С того самого дня, как судебный исполнитель увез ее умывальник, миссис Энрикес не покидало желание съехать с этой квартиры. Теперь же, несмотря на то что Попито аккуратно вносил за нее квартирную плату, это решение еще больше укрепилось. Невзгоды и неприятности, преследующие ее на каждом шагу, убеждали Аурелию в том, что над этим домом тяготеет проклятие. Это оно было виной ее ухудшившегося здоровья, и всех ее несчастий, и, наконец, того, что Андре перестал приходить к Елене и подружился с Осборнами. Миссис Энрикес казалось, что, как только они уедут отсюда, здоровье ее поправится и им с Еленой снова улыбнется счастье.

Но найти подходящую квартиру было не так легко. Как только они слышали, что где-то сдается домик, они тут же бросали все, поспешно одевались и ехали по адресу. Но обычно квартира или оказывалась уже сданной, или плата за нее была непомерно высокой. Когда в газетах им попадались объявления: «Сдается дом в предместье Сент-Джемс», «Сдается квартира в Бельмонте», — миссис Энрикес восклицала: «Пфи!» — и переворачивала страницу; ей нужно было жить в центре, если она хотела сохранить своих заказчиц. Заказчицам удобнее заходить к ней по пути с работы или на работу. Однажды она попробовала снять дом в пригороде, и в течение трех месяцев растеряла всех своих заказчиц. При выборе квартиры ей всегда приходилось помнить об этом. Попито легко было ругать ее и предлагать ей довольствоваться одной комнаткой. Но будут ли у нее заказчицы, да и какие, если она поселится в одной-двух комнатушках? Все хотят шить у хороших, солидных портних. А что это за портниха, если она ютится в каморке? Разве она сможет брать полтора-два доллара за платье? Нет, тогда ей придется снизить цену до трех шиллингов.

Немало забот доставляла ей и Елена. Ее дочь уже не ребенок. Она превратилась в женщину, созревшую для любви и замужества.

«Кто же захочет бывать у нас, если мы будем жить в одной-двух комнатушках? Нет, это невозможно», — раздумывала миссис Энрикес. — У нас должен быть дом, респектабельный дом в приличном районе... Иначе Елена приведет мне какого-нибудь «курчавого» зятька. Жизнь и без того трудна».
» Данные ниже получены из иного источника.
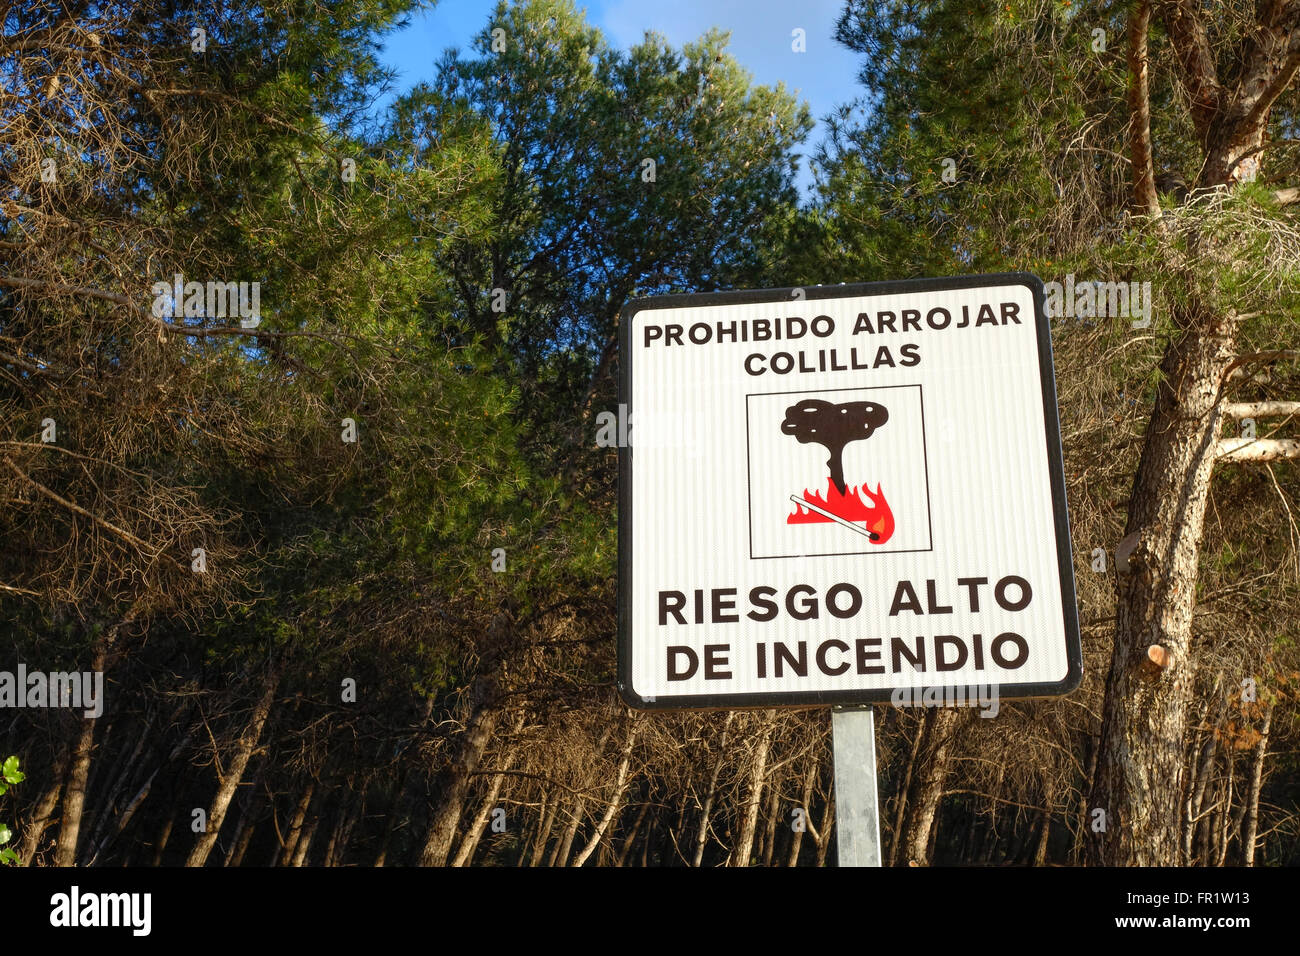 Spanish warning sign, for forest fires, Don't throw burning cigarettes in forest, high risk fro fire. Spanish. Andalusia, Spain Stock Photo

Под «курчавым зятьком» миссис Энрикес, конечно, подразумевала негра.

Беспокоясь о будущем Елены, миссис Энрикес, однако, не замечала, что Елену грызет тоска. Какая может быть тоска у девушки ее лет?

Свои тайны Елена поверяла только дневнику. Ей тоже страстно хотелось уехать из этого дома: все здесь напоминало об Андре. Аккуратным тонким почерком, стараясь не испачкать страницу, не сделать ни одной помарки, Елена писала в дневнике:

«Прошло шесть недель, с тех пор как Андре был здесь в последний раз. Я знаю, он не болен — я видела его на этой неделе, он ехал на велосипеде. Он тоже увидел меня и смутился. Джо говорил мне, что Андре теперь дружит с Лорримерами и Осборнами из Сен-Клэра. Видели даже, как он прогуливался с мисс Осборн по Асфальтовой аллее. Господи, что это значит? Неужели, когда он приходил к нам, он просто играл чувствами юной и чистой девушки? Нет, этого не может быть. Когда я снова увидела его, сердце дрогнуло и я поняла, что он не может быть низким человеком. Андре не приходит ко мне потому, что понимает, как неразумно ему связывать свою судьбу с моей. Ах, Андре! Почему ты не подумал об этом раньше?..

Его поцелуй был неземным блаженством. Мне никогда уже не испытать такого счастья. Память об этом я сохраню до конца жизни. Но какое недолгое счастье, а потом?.. Боже, если такова твоя воля, то дай мне сил исполнить ее!..»

Елена, как и прежде, занималась своими делами, смеялась, не теряла аппетита и даже как будто не изменилась в лице. Никому на свете не показала бы она, что тоскует по Андре.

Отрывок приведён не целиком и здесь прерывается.